Exercise: Look at the figure attribute reference and figure out how to remove the grid lines from the figure above. First remove the veritcal ones, then horizontal, then both. (Hint: Look for an attribute on the xaxis and yaxis of the layout) (Hint 2 you can get the current layout by doing fig.layout)



In [ ]:

Maps

We will finish this notebook by looking at some new things we can now do because we are using plotly.

There are two map-based traces in plotly:

scattergeo: this allows you do draw lines or dots on a map
choropleth: this allows you to fill regions with different colors

There is also the geo layout attribute. We'll look

`scattergeo` dots

We'll look at the scattergeo trace type first. Suppose we want to draw dots on the map.

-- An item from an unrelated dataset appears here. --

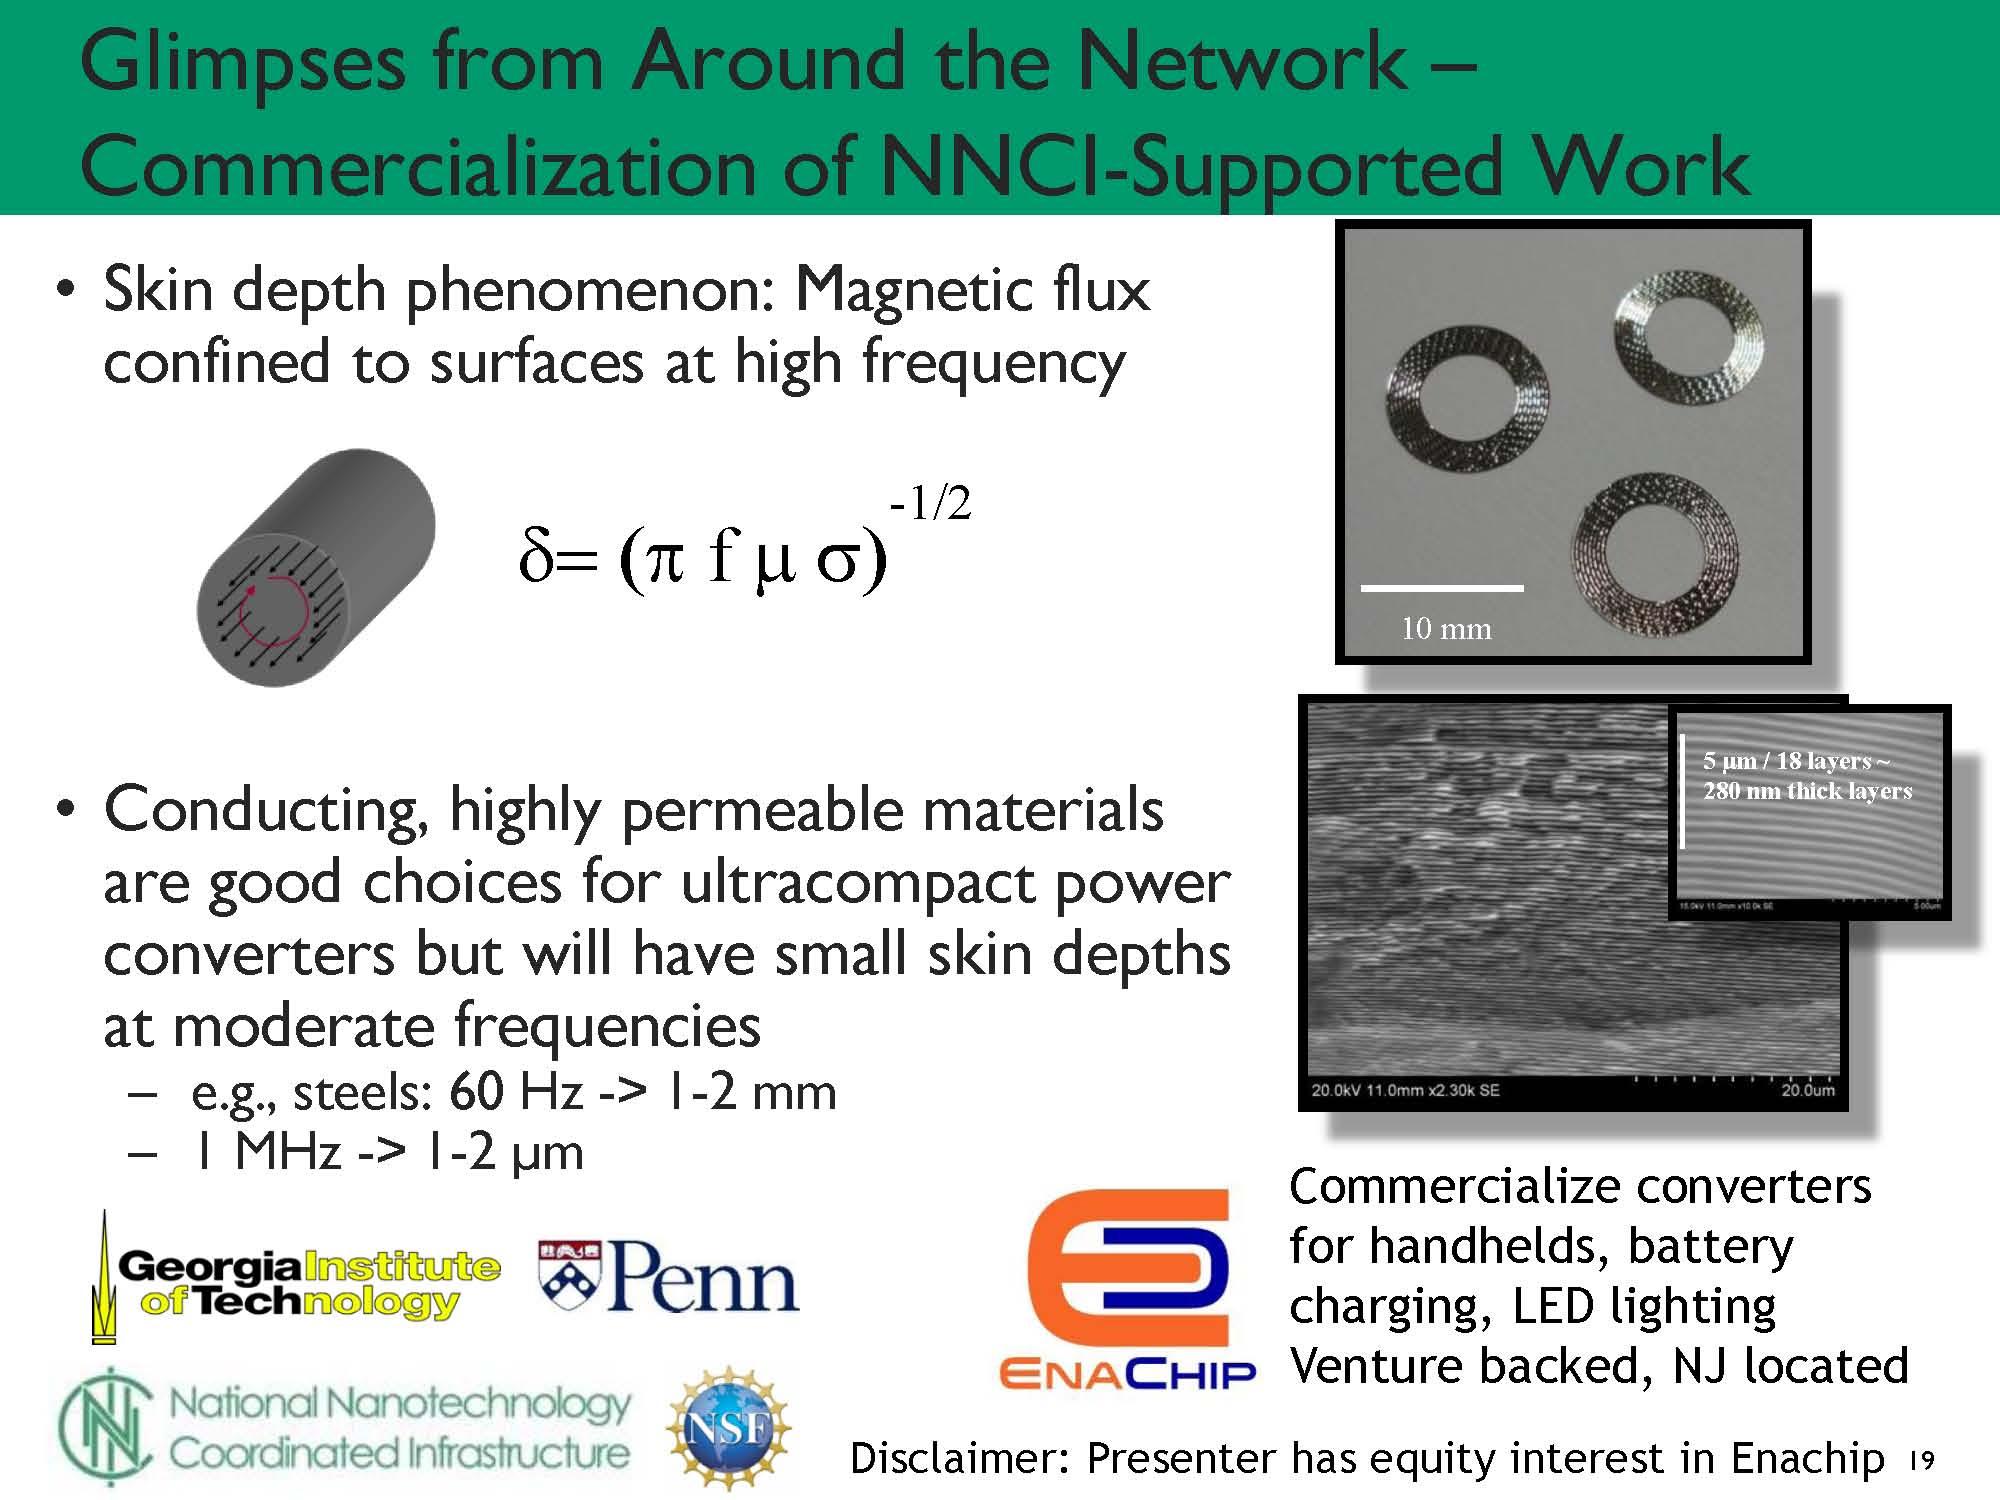 NSF 2017 NanoscienceGrantees Conf - NNCI presentation by Mark Allen_Page_19.jpg

There are two possible sets of trace attributes we can work with:

Set lat and lon each to a list that specifiy the latitide and longitude for each point repsectively
Set the locationmode to be one of "ISO-3", "USA-states", or "country names" and then set location to be a valid member of that mode.

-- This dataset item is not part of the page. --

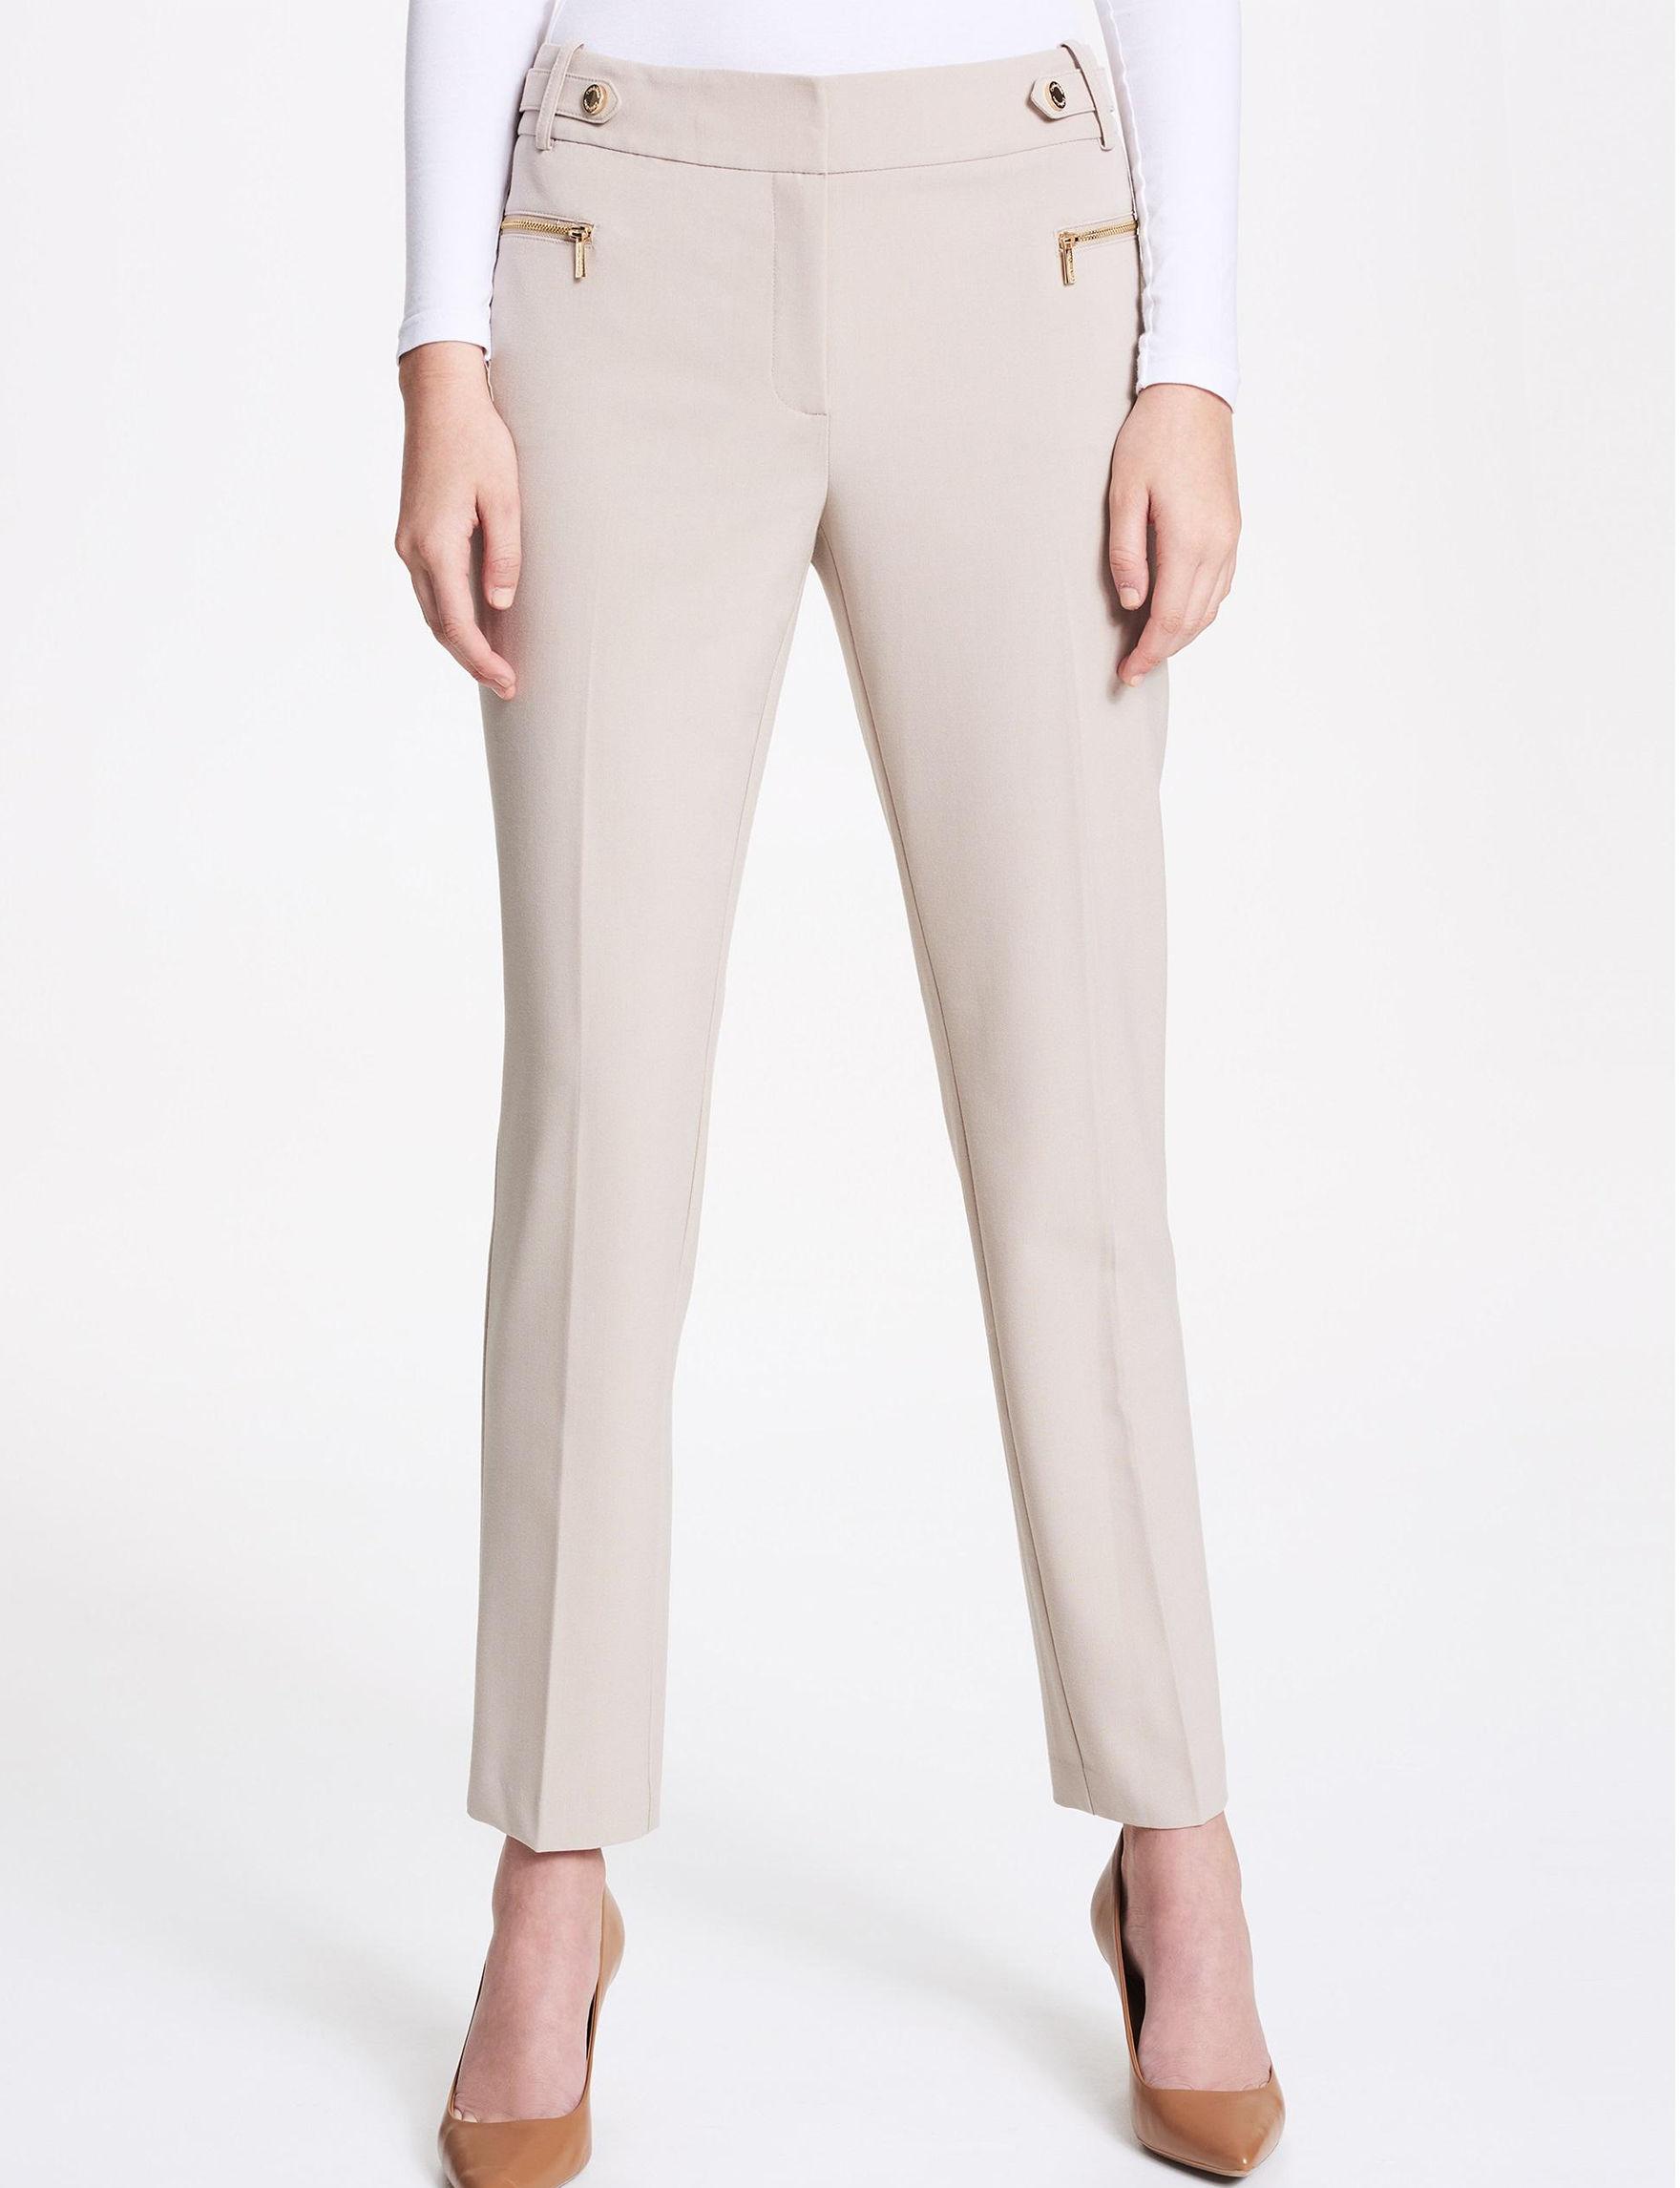 Calvin Klein Latte Soft Pants

We can then set any other attributes

Let's see an example of each version:



In [41]:

    
# first create marker/layout objects we can re-use in both plots
marker = {"color": rain["Precipitation"],
          "size": rain["Precipitation"]/100,
          "colorscale": "Reds",
          "colorbar": {"title": "Precipitation mm"}}

layout = dict(geo={"scope": "europe", "resolution": 50}, 
              width=750, height=550)



In [42]:

    
# using location mode
trace = dict(type="scattergeo",      # trace type
             mode="markers",         # draw points
             locations=rain["ISO"],  # use ISO code
             marker=marker           # marker settings (size, color, ...)
            )

iplot(go.Figure(data=[trace], layout=layout), link_text="")



In [79]:

    
# using lat/lon mode
trace = dict(type="scattergeo",     # trace type
             mode="markers",        # draw dots
             lat=rain["Latitude"],  # latitude coordinate
             lon=rain["Longitude"], # longitude coordinate
             marker=marker          # marker settings (color, size...)
            )

iplot(go.Figure(data=[trace], layout=layout), link_text="")

`scattergeo` lines

Now supppose we want to draw lines from the Italy to France, Germany, and Spain.

We can do this using scattergeo traces, where the lat and lon attributes on each trace are of length 2. The point will be drawn from (lat[0], lon[0]) to (lat[1], lon[1]):



In [81]:

    
def get_lat_lon_for(df, iso):
    lat = df["Latitude"][df["ISO"] == iso]
    lon = df["Longitude"][df["ISO"] == iso]
    return float(lat), float(lon)

i_lat, i_lon = get_lat_lon_for(rain, "ITA")
traces = []

for country in ["FRA", "ESP", "DEU"]:
    lat, lon = get_lat_lon_for(rain, country)
    trace = dict(type="scattergeo",                # trace type
                 mode="lines",                     # draw lines
                 lat=[i_lat, lat],                 # latitude coordinates
                 lon=[i_lon, lon],                 # longitude coordinates
                 line={"width": 4.0},              # thick lines
                 name="ITA to {}".format(country)  # legend entry
                )
    traces.append(trace)

iplot(go.Figure(data=traces, layout=layout))

Choropleth

The other type of map plotly can create is called a choropleth map. Here we have each region filled in with a solid color.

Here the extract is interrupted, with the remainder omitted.